**Problem statement**
An exact repetition of the data is required; no picture should appear in it.

**Information shown**
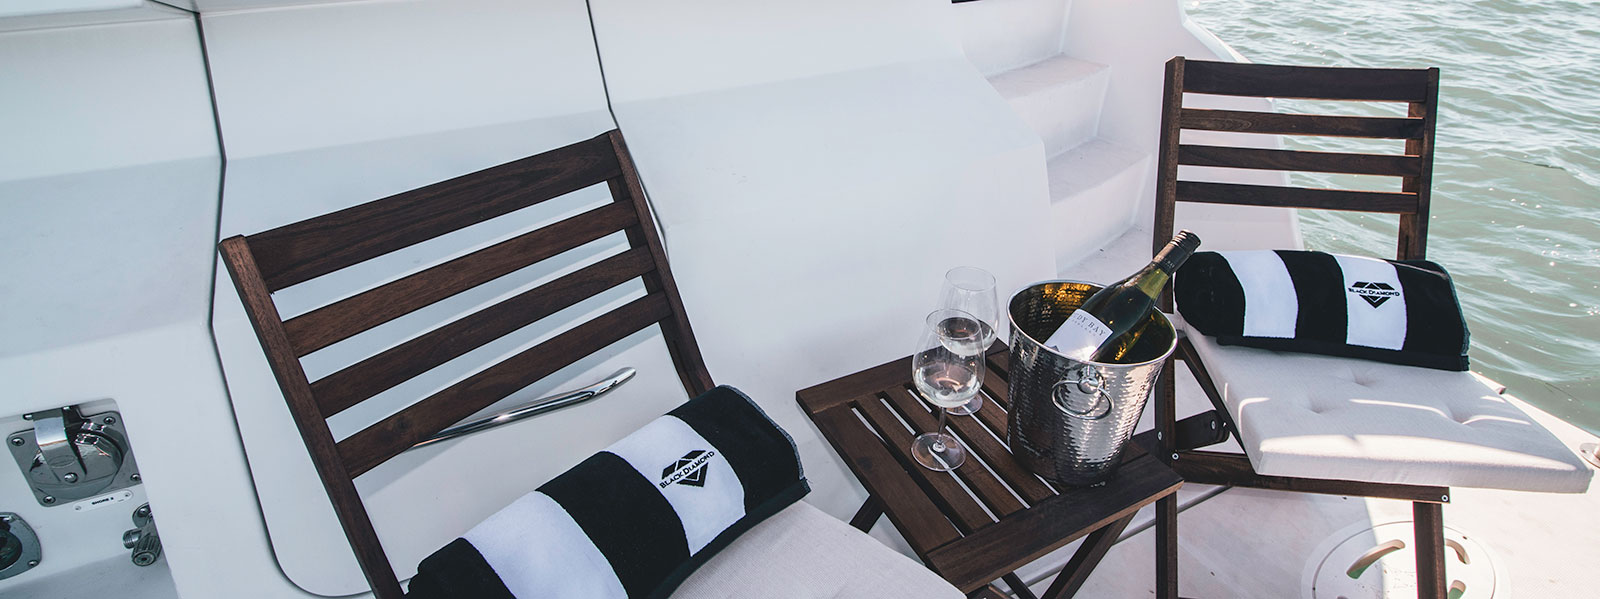 Casual chairs aboard yacht at stern
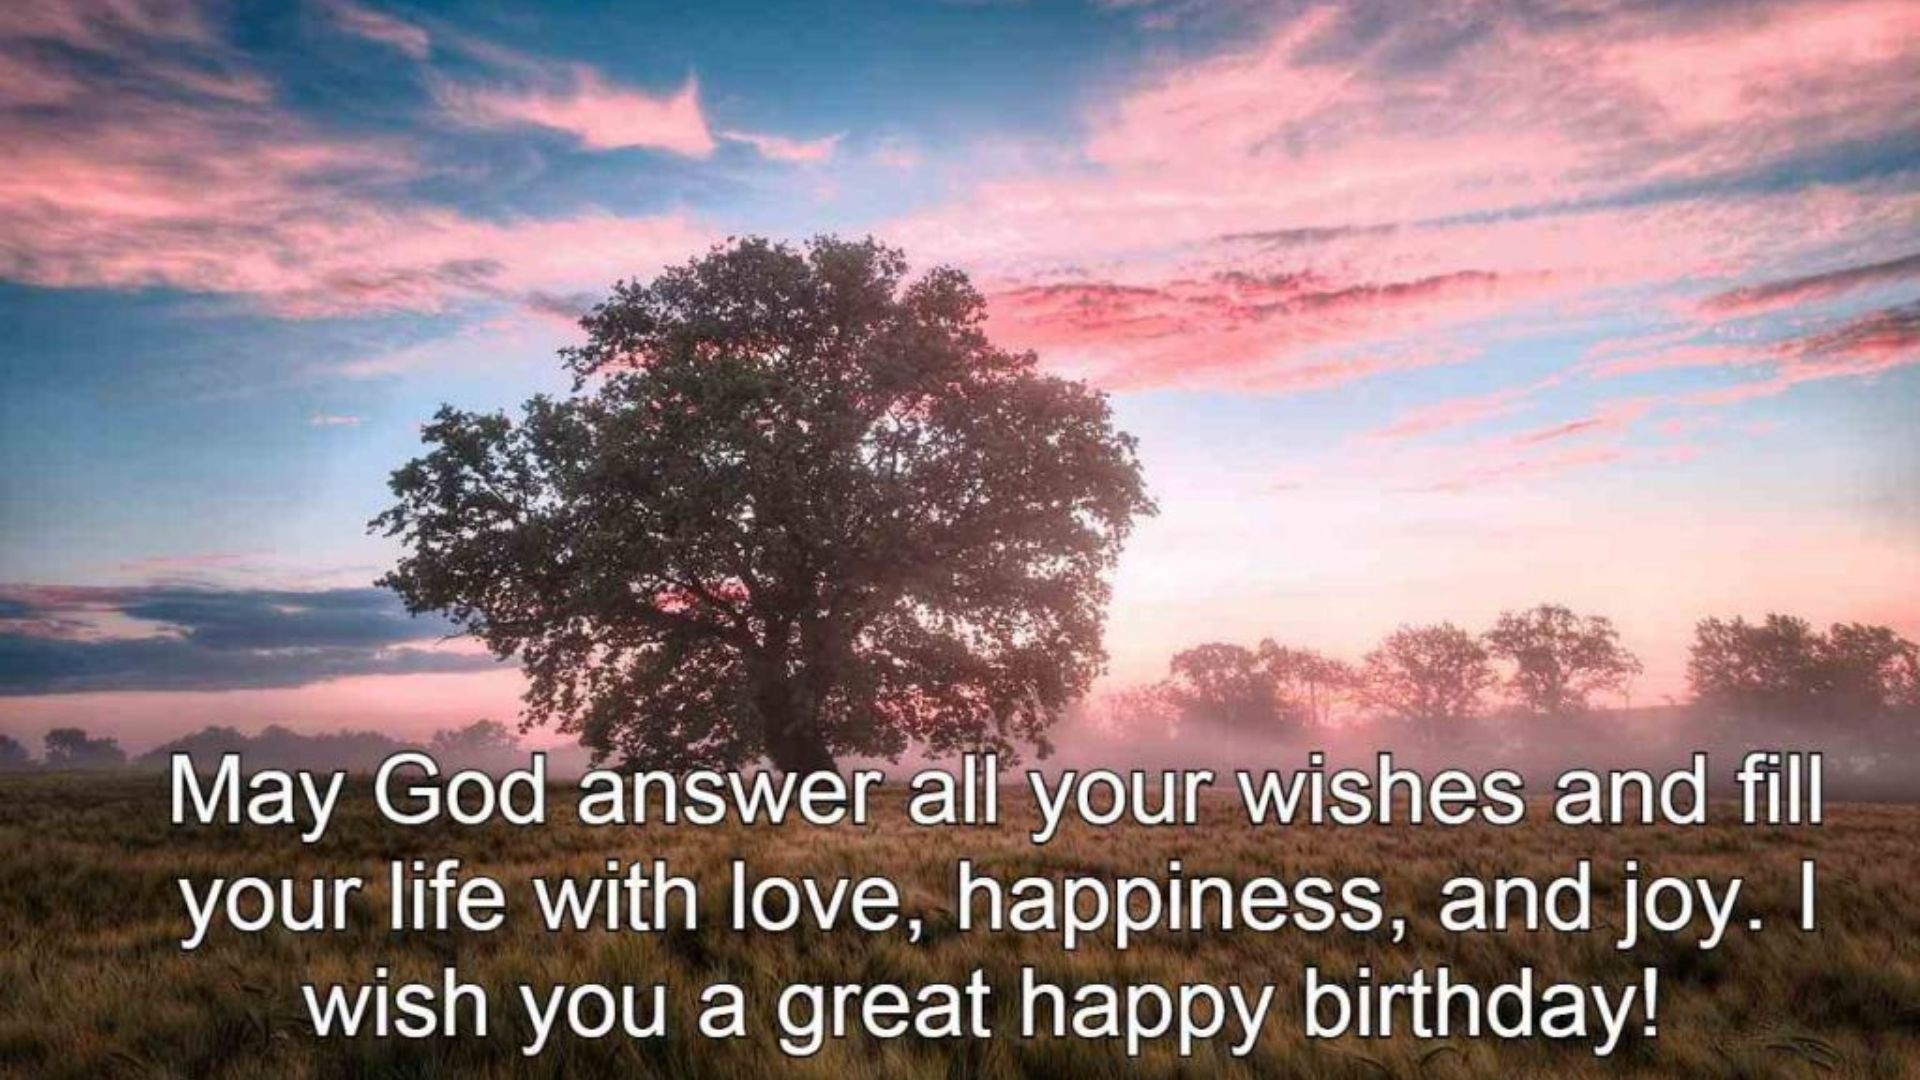 Christian Birthday Wishes For A Friend
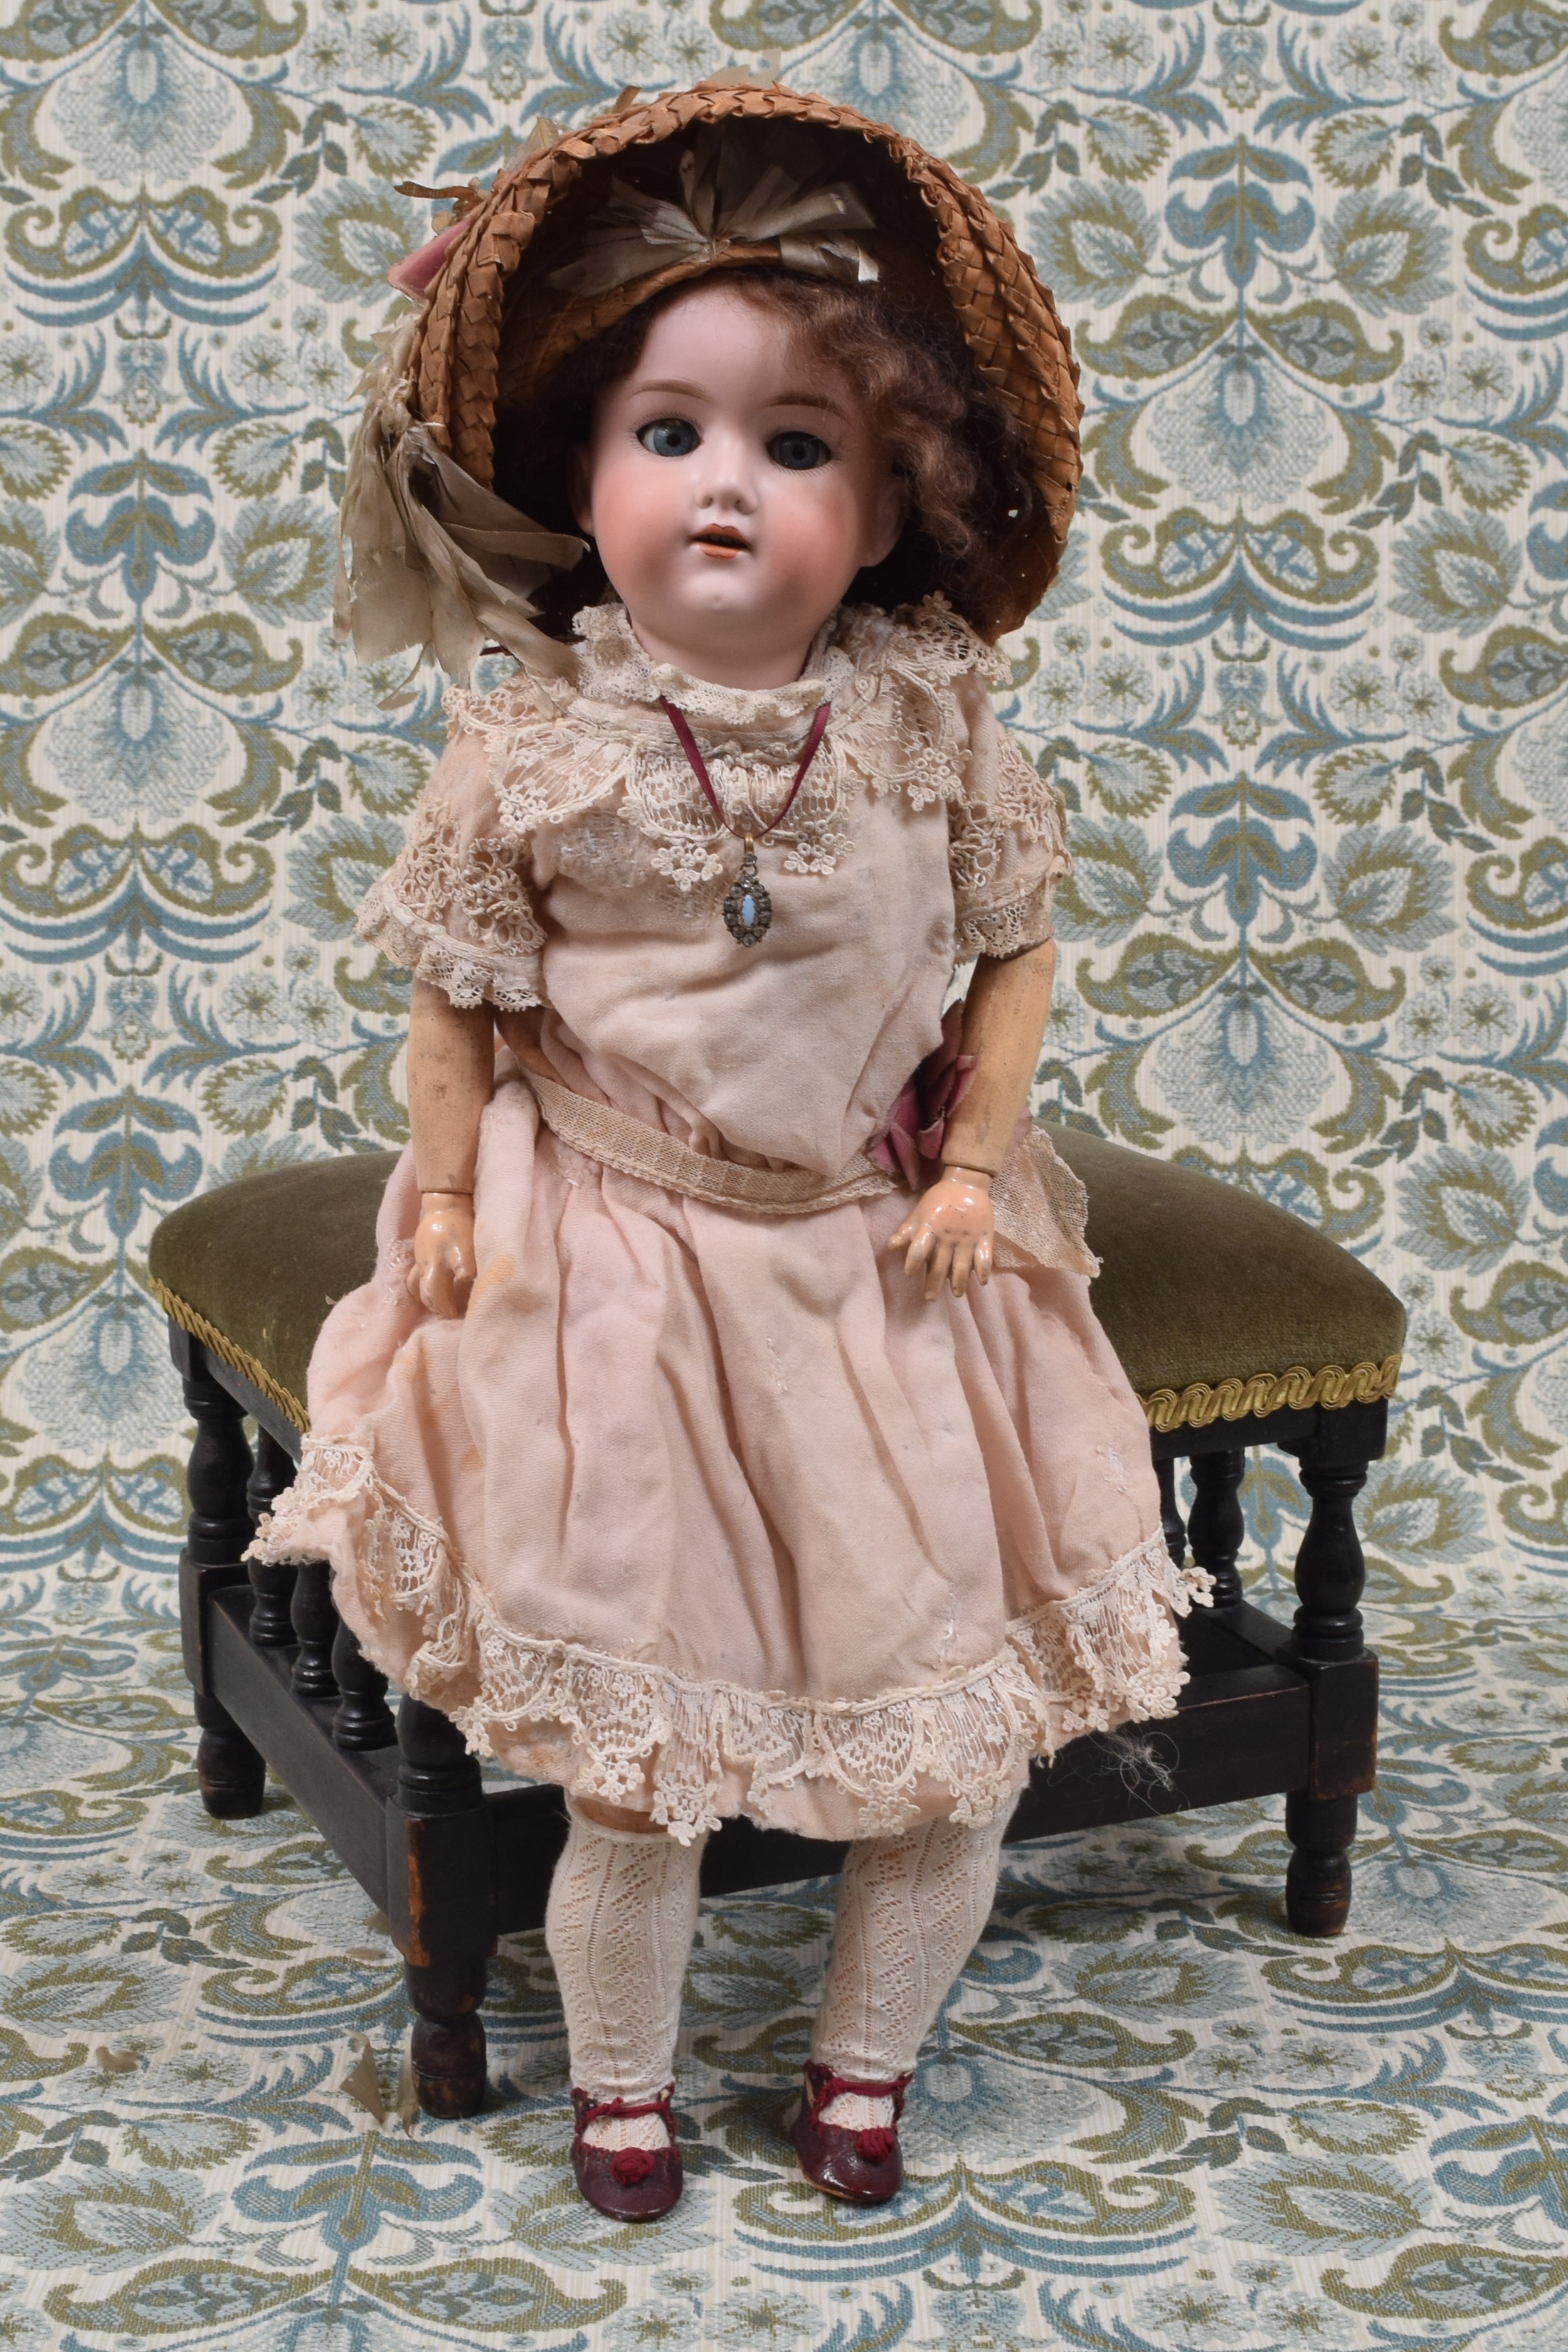 An Armand & Marseille (Germany) bisque head and fixed ball jointed composition bodied doll, the

**Expected answer**
 Casual chairs aboard yacht at stern
 Christian Birthday Wishes For A Friend
 An Armand & Marseille (Germany) bisque head and fixed ball jointed composition bodied doll, the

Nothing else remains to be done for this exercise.